Give back every record exactly.

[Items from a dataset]
━━━━━━━━━━━━━━━━

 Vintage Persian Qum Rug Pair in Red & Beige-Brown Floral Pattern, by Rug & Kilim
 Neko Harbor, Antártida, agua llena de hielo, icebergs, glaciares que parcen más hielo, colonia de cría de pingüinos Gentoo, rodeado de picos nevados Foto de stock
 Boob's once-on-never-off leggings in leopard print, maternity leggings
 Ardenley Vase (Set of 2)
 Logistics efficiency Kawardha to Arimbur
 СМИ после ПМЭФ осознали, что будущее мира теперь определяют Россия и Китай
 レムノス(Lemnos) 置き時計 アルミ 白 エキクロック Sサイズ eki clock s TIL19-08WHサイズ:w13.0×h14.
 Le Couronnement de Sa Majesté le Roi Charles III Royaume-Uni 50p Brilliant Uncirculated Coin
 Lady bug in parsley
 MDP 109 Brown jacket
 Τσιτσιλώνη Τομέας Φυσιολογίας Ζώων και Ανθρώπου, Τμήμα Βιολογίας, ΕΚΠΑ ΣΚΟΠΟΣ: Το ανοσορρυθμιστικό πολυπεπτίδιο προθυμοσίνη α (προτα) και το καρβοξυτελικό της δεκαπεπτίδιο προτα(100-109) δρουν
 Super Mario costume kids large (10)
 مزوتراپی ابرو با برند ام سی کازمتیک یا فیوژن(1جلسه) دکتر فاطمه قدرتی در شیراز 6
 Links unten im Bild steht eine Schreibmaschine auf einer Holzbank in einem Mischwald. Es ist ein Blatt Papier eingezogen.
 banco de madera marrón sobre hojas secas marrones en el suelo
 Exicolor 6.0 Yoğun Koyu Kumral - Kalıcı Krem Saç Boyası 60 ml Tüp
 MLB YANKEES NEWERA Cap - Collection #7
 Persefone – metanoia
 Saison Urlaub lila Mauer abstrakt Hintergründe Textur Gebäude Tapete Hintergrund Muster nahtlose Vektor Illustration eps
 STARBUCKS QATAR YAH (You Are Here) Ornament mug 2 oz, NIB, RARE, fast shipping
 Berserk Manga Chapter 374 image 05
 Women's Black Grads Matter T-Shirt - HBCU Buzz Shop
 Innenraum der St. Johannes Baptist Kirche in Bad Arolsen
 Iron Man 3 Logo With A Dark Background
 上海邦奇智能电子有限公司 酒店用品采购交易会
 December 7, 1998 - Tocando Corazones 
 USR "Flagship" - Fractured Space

━━━━━━━━━━━━━━━━

• _Solution for this problem_
 Vintage Persian Qum Rug Pair in Red & Beige-Brown Floral Pattern, by Rug & Kilim
 Neko Harbor, Antártida, agua llena de hielo, icebergs, glaciares que parcen más hielo, colonia de cría de pingüinos Gentoo, rodeado de picos nevados Foto de stock
 Boob's once-on-never-off leggings in leopard print, maternity leggings
 Ardenley Vase (Set of 2)
 Logistics efficiency Kawardha to Arimbur
 СМИ после ПМЭФ осознали, что будущее мира теперь определяют Россия и Китай
 レムノス(Lemnos) 置き時計 アルミ 白 エキクロック Sサイズ eki clock s TIL19-08WHサイズ:w13.0×h14.
 Le Couronnement de Sa Majesté le Roi Charles III Royaume-Uni 50p Brilliant Uncirculated Coin
 Lady bug in parsley
 MDP 109 Brown jacket
 Τσιτσιλώνη Τομέας Φυσιολογίας Ζώων και Ανθρώπου, Τμήμα Βιολογίας, ΕΚΠΑ ΣΚΟΠΟΣ: Το ανοσορρυθμιστικό πολυπεπτίδιο προθυμοσίνη α (προτα) και το καρβοξυτελικό της δεκαπεπτίδιο προτα(100-109) δρουν
 Super Mario costume kids large (10)
 مزوتراپی ابرو با برند ام سی کازمتیک یا فیوژن(1جلسه) دکتر فاطمه قدرتی در شیراز 6
 Links unten im Bild steht eine Schreibmaschine auf einer Holzbank in einem Mischwald. Es ist ein Blatt Papier eingezogen.
 banco de madera marrón sobre hojas secas marrones en el suelo
 Exicolor 6.0 Yoğun Koyu Kumral - Kalıcı Krem Saç Boyası 60 ml Tüp
 MLB YANKEES NEWERA Cap - Collection #7
 Persefone – metanoia
 Saison Urlaub lila Mauer abstrakt Hintergründe Textur Gebäude Tapete Hintergrund Muster nahtlose Vektor Illustration eps
 STARBUCKS QATAR YAH (You Are Here) Ornament mug 2 oz, NIB, RARE, fast shipping
 Berserk Manga Chapter 374 image 05
 Women's Black Grads Matter T-Shirt - HBCU Buzz Shop
 Innenraum der St. Johannes Baptist Kirche in Bad Arolsen
 Iron Man 3 Logo With A Dark Background
 上海邦奇智能电子有限公司 酒店用品采购交易会
 December 7, 1998 - Tocando Corazones 
 USR "Flagship" - Fractured Space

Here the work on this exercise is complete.